Watch for more public health movements along those lines.
One historical note: thanks to the timeline of these studies (1950 on) the biggest single disaster in that period is one that receives not much attention. Again and again researchers in these articles single out China’s Great Leap Forward as a massive catastrophe, “[t]he most notable fatal discontinuity in the past 68 years.” For example,
The huge impact of the Great Leap Forward in China in 1960 is shown clearly at both the global and regional level. Globally, life expectancy dropped by 5·1 years (3·9–6·2) as a result of the famine.
Equally as astonishing is how China bounced back:
Despite the massive setback around the famine in 1960, China has made steady progress and, in 2017, life expectancy was 74·5 years (95% UI 74·1 to 75·0) for men and 79·9 years (79·4 to 80·4) for women.
Remember, as Branko Milanovic observes, people outside of China often don’t pay enough attention to that great nation.
Where does all of this data take us? The giant pile of research also has a forecasting section. One key futuring conclusion is that lifespans may well keep increasing:
We forecasted global life expectancy to increase by 4·4 years (95% UI 2·2 to 6·4) for men and 4·4 years (2·1 to 6·4) for women by 2040, but based on better and worse health scenarios, trajectories could range from a gain of 7·8 years (5·9 to 9·8) to a non-significant loss of 0·4 years (–2·8 to 2·2) for men, and an increase of 7·2 years (5·3 to 9·1) to essentially no change (0·1 years [–2·7 to 2·5]) for women.
What should educators take away from this? Let me offer some points.

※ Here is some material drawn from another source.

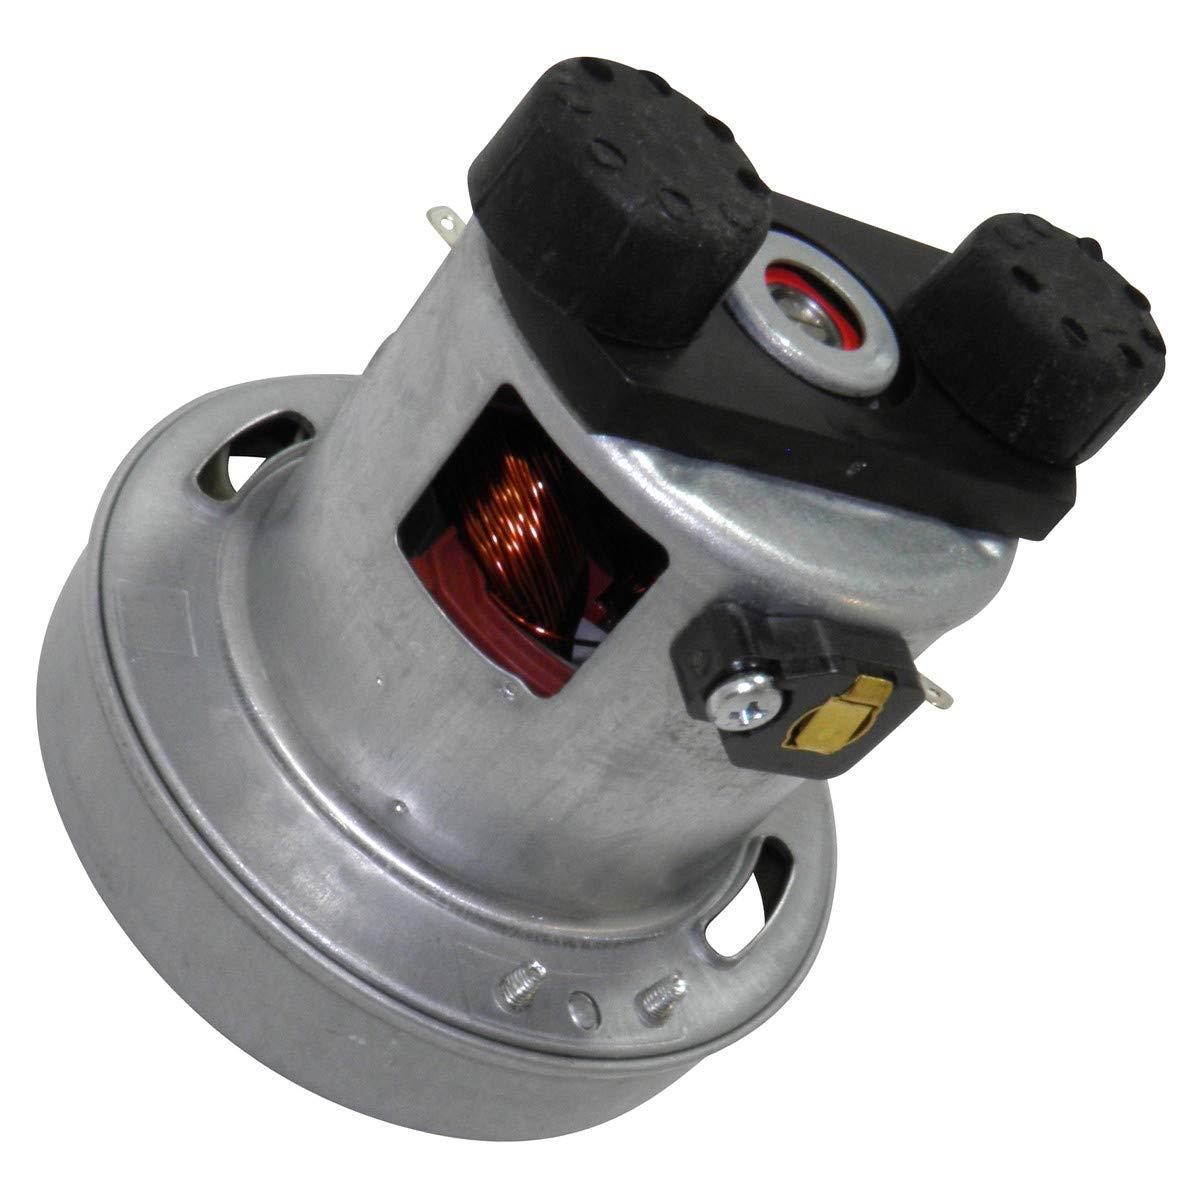 Rowenta motore 23800TS-L aspirapolvere Compact Power Cyclonic RO3798 RO3799

- Once again, most of our populations are aging. This has plenty of ramifications.
- Higher education institutions seeking to boost traditional-age enrollment would do well to recruit from Africa, the Middle East, Pakistan, and parts of Southeast Asia. Perhaps this is a good time to partner up with local secondary education as well. This may well take significant resources.
- Campuses will have to expand disability accommodations, both in person and online. This will be even more needed as we teacher older folks.
- For people who are still worried about humanity growing too large, are you really talking about Africa and parts of Asia? There might be some ugly politics there.
- Changing health issues should help feed increasing demand for academic medical studies and career preparation. (Another datapoint for the Health Care Nation scenario)
- Stresses around population changes, both individual and social, may well spur rising interest in and acceptance of suicide, as I’ve noted previously.
- Please, please, please teach media criticism so that students don’t get distracted by bad reporting of actual, real-world disease, violence, and death.
*SEVs are “a summary measure of exposure… The metric is a risk-weighted prevalence of an exposure, and it offers an easily comparable single-number summary of exposure to each risk. SEVs range from 0% to 100%, where 0% reflects no risk exposure in a population and 100% indicates that an entire population is exposed to the maximum possible level for that risk.”